Morgan and Virgil were not immune to interest in the opposite sex and in fact Virgil became enamored by a woman in her late thirties who had never been married.

She wasn't altogether uncomely in fact she was attracting interest from several of the men who were aiming to seek for gold. Virgil took offence at the attention she was getting and took these men aside one by one and advised them that it would be better for their health if they ceased having interest in her.  For some reason he would be sharpening his long Bowie knife while talking to them.

Rather sudden like, it seemed Virgil was the only one interested in her. She was a little puzzled by this, and wondered what she had done to turn the other men away.  

Anyhow she felt good about having Virgil show interest in her for he was a man with prestige being a scout and hunter, and because of this he was a very prominent person in the camp.

Most of the evenings Virgil would sit around the fire talking to her, and from time to time they would whisper in each others ear where no one else could hear.  When Morgan asked what they were saying, Virgil would say; "None of your business."

With the memory of Ellie still fresh in the mind of Morgan he was a little slower than Virgil to become friendly with the ladies, but there were three or four prospects that had caught his eye.  Of course there were also other young men interested in them also which he was aware of.

Since he had set up Ellie as his ideal none of the girls seemed to measure up to her and that became a problem for him.

Then one day he noticed a shy young girl who was fourteen years old, whose mother shooed away any of the boys that came around her. The girl kept her bonnet down on her face, and looked down as she walked.  Often Morgan would bring a rabbit or squirrel as a special treat for her folk’s dinner and soon he was one of their favorite people.  

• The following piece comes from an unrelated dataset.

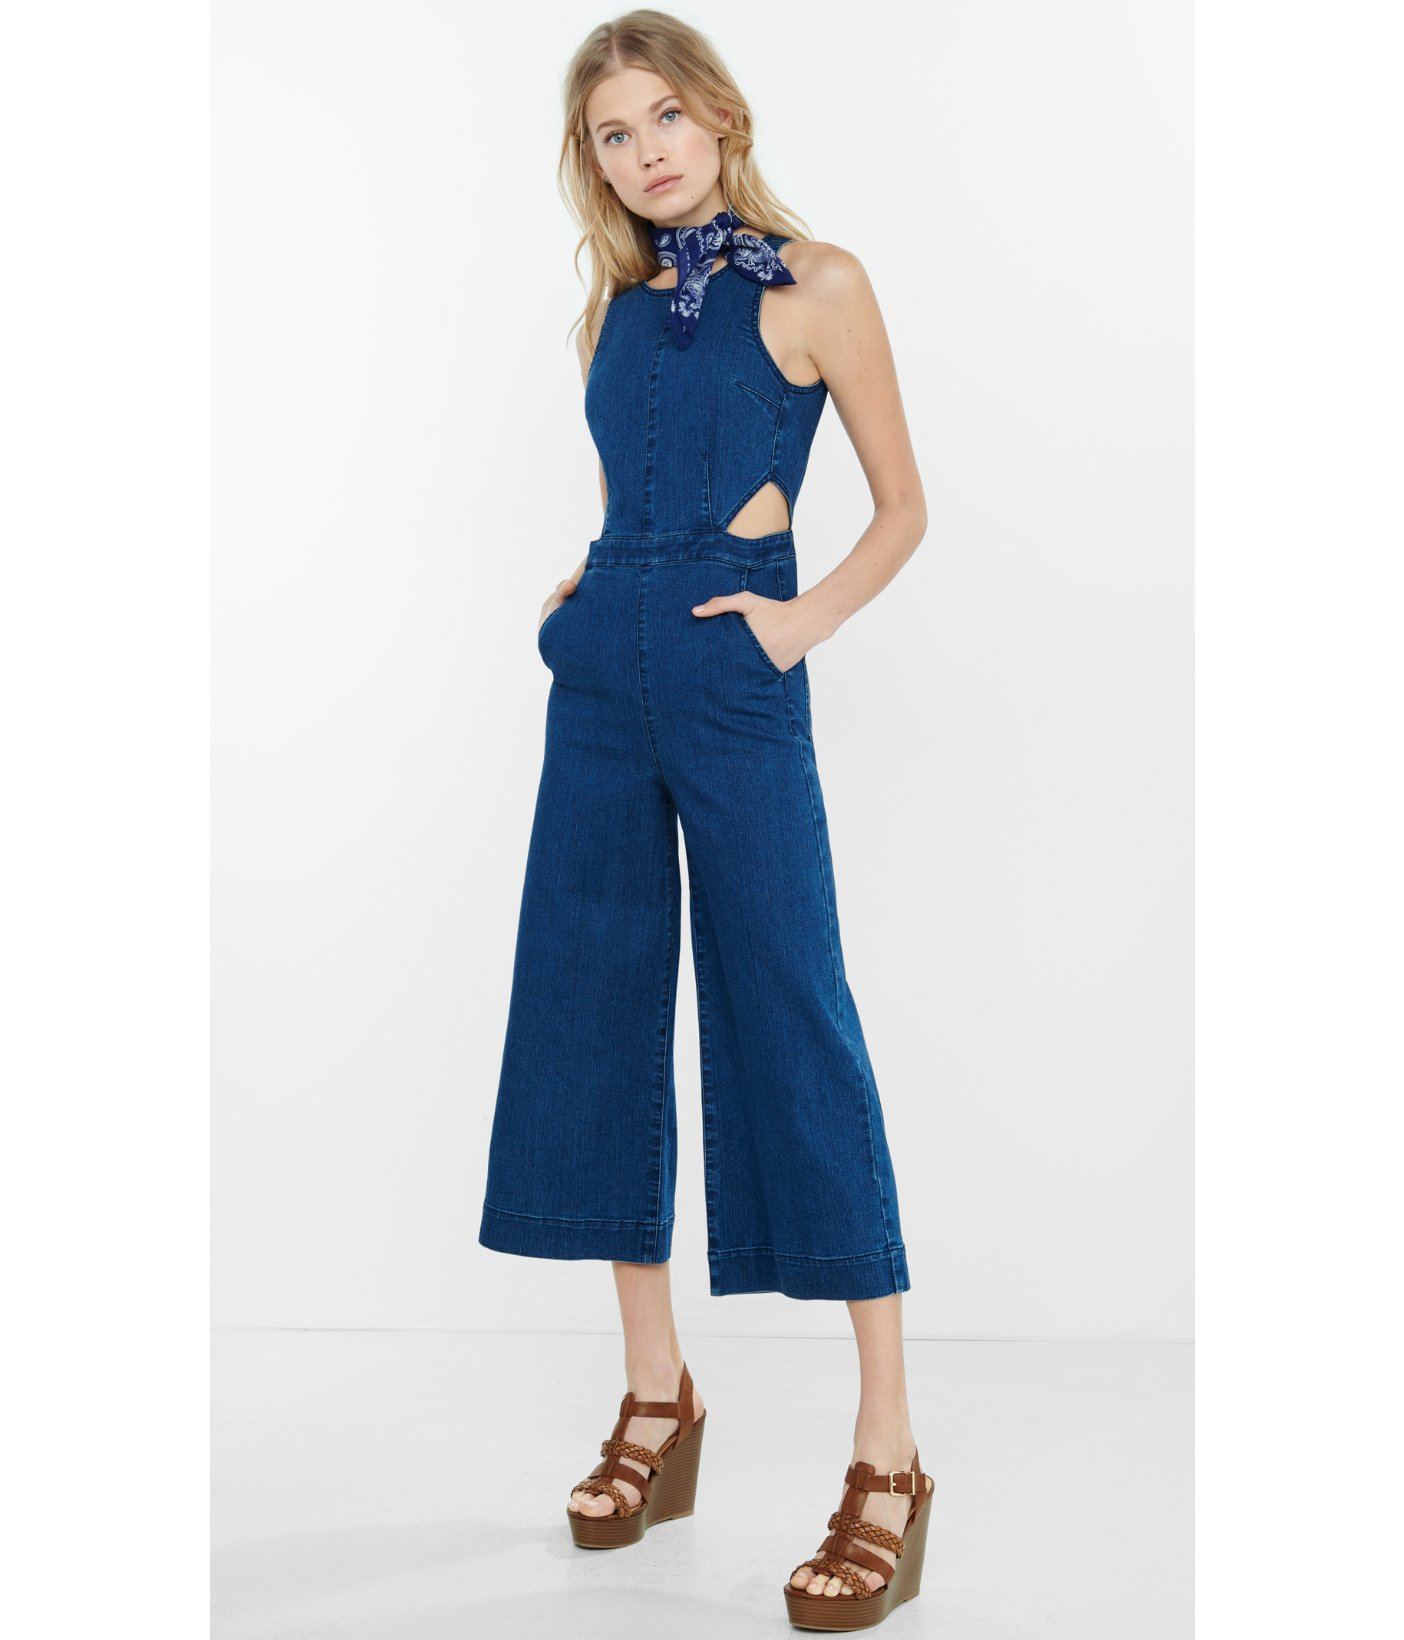 Express Sleeveless Denim Cut Out Culotte Jumpsuit In Blue

His good manners and his respect for the family soon dispelled their objections to him talking to their daughter named Bessie.  He would join the family in the evenings when he was free and sit next to Bessie and chat, he didn't whisper in her ear for he wasn't as bold as Virgil.  Sometimes they would walk through the encampment and when out of sight of her mom they would hold hands.

He felt he would like to kiss her but wasn't sure how he felt about her and having been burned once he decided to take it slow.